Constructor cannot be applied to given types?

Question

I have the following Java code:

public class WeirdList {
    /** The empty sequence of integers. */
    /*ERROR LINE */ public static final WeirdList EMPTY = new WeirdList.EmptyList();

    /** A new WeirdList whose head is HEAD and tail is TAIL. */
    public WeirdList(int head, WeirdList tail) {
        headActual = head;
        tailActual = tail;
    }
    /** Returns the number of elements in the sequence that
     *  starts with THIS. */
    public int length() {
        return 1 + this.tailActual.length();
    }

    /** Apply FUNC.apply to every element of THIS WeirdList in
     *  sequence, and return a WeirdList of the resulting values. */
    public WeirdList map(IntUnaryFunction func) {
        return new WeirdList(func.apply(this.headActual), this.tailActual.map(func));
    }

    /** Print the contents of THIS WeirdList on the standard output
     *  (on one line, each followed by a blank).  Does not print
     *  an end-of-line. */
    public void print() {
        System.out.println(this.headActual);
        this.tailActual.print();
    }

    private int headActual;
    private WeirdList tailActual;
    private static class EmptyList extends WeirdList {

        public int length() {
            return 0;
        }
        public EmptyList map(IntUnaryFunction func) {
            return new EmptyList();
        }
        public void print() {
            return;
        }
}

And I keep getting the error: "constructor cannot be applied to given type"... Does that mean the subclass of the superclass must have the same number of parameters in the constructor as the superclass? I've been banging my head against the wall for an hour.

Answer 1

A subclass does not have to have any constructor with "the same number of parameters in the constructor as the superclass", but it does have to call some of its superclass' constructors from its own constructor.
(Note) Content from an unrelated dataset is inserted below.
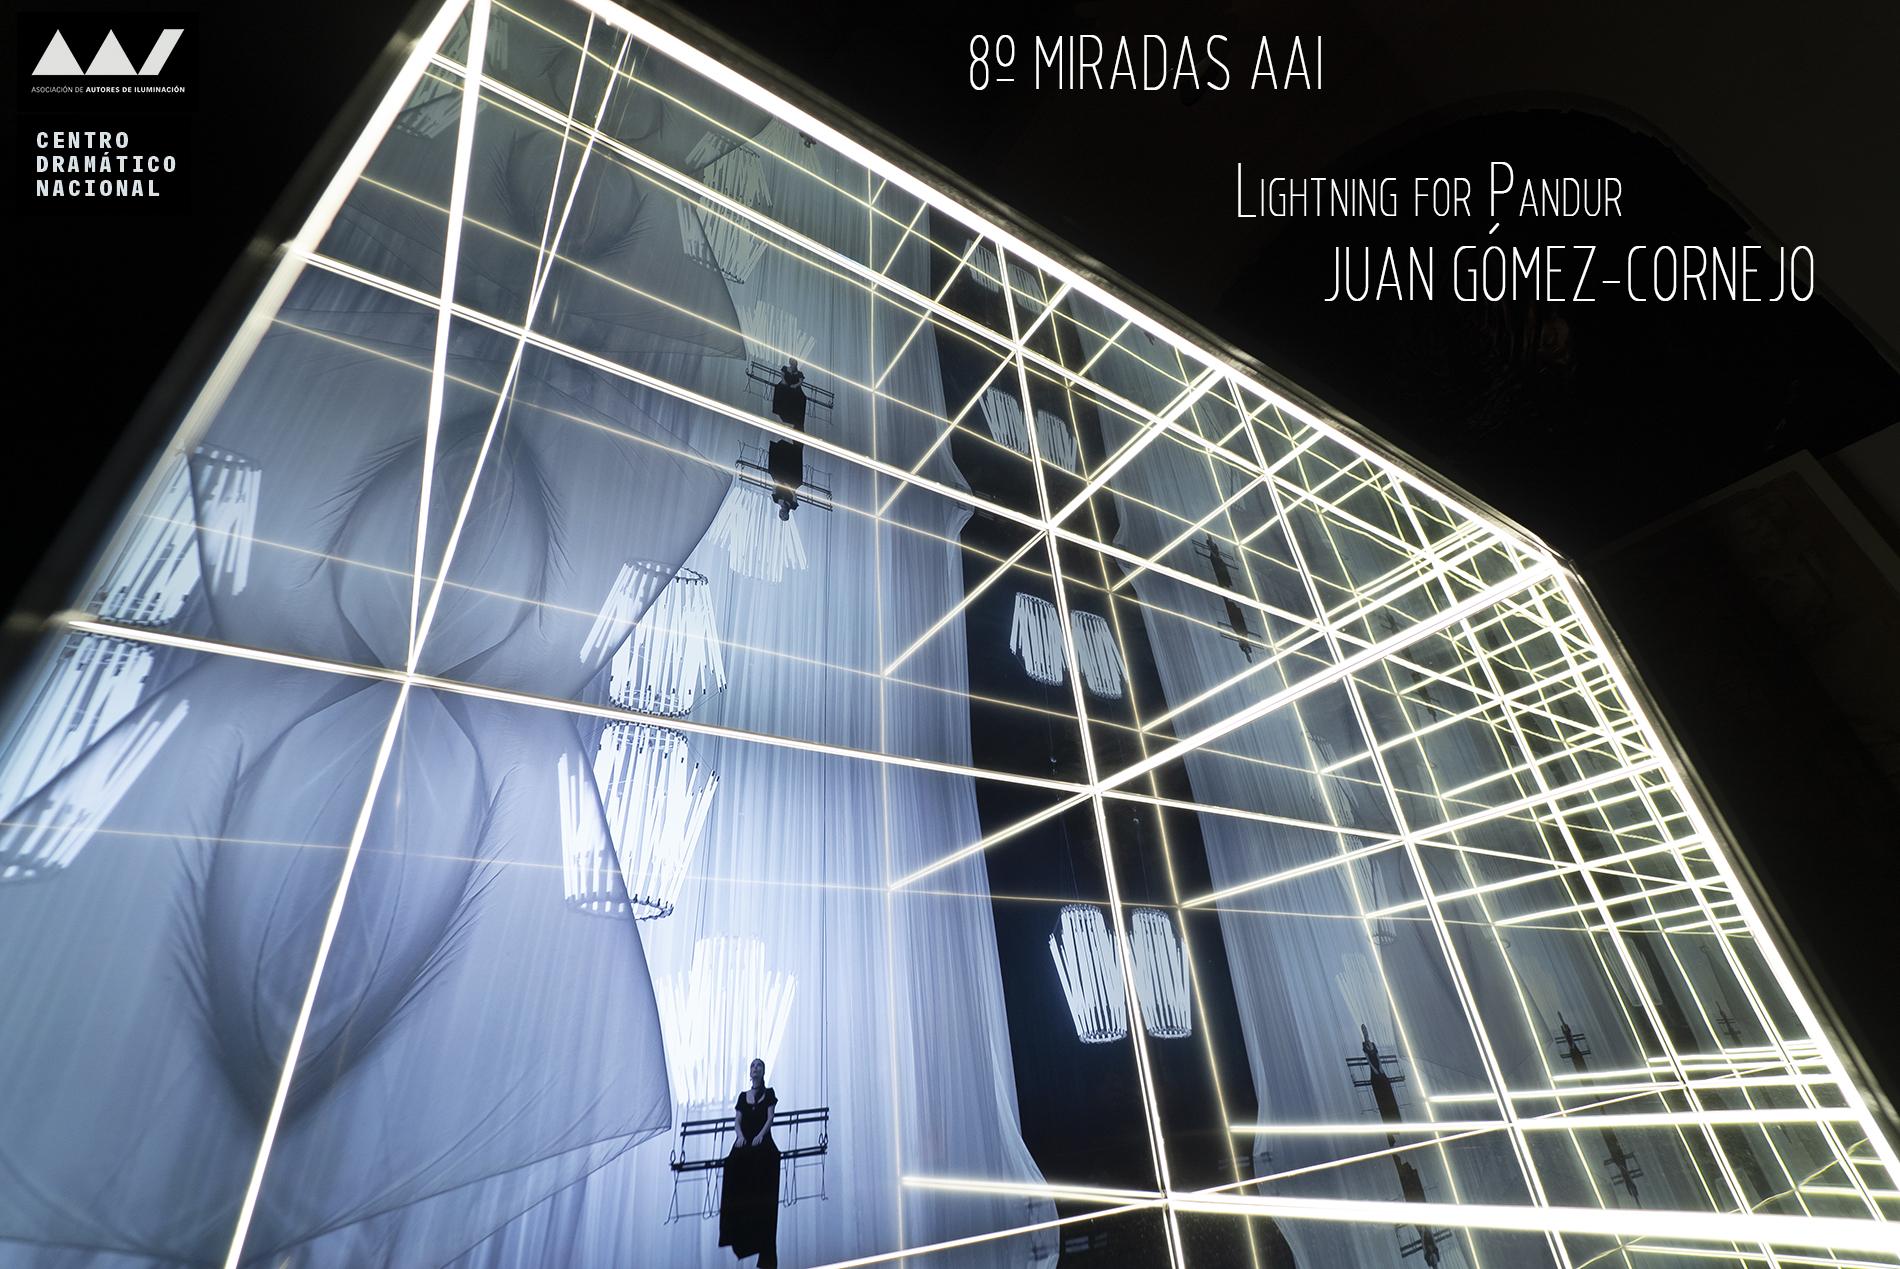 8ª MIRADAS AAI   LIGHTING FOR PANDUR   FRAGMENTOS DEL ALMA

If the superclass has a no-arg constructor, it is called by default if an explicit call to a superclass constructor is omitted or if the subclass has no explicit constructor at all (as is your case), but since your superclass does not have a no-arg constructor, compilation fails.

You could add something like this to your EmptyList:

private EmptyList() {
    super(0, null);
}

It may also be a better idea to have an abstract superclass that both of your classes inherit from, instead, but that's a choice.

Answer 2

You would need to add a no-arg constructor to WeirdList explicitly as EmptyList has a default no-arg constructor but it has no constructor in the superclass that it can call.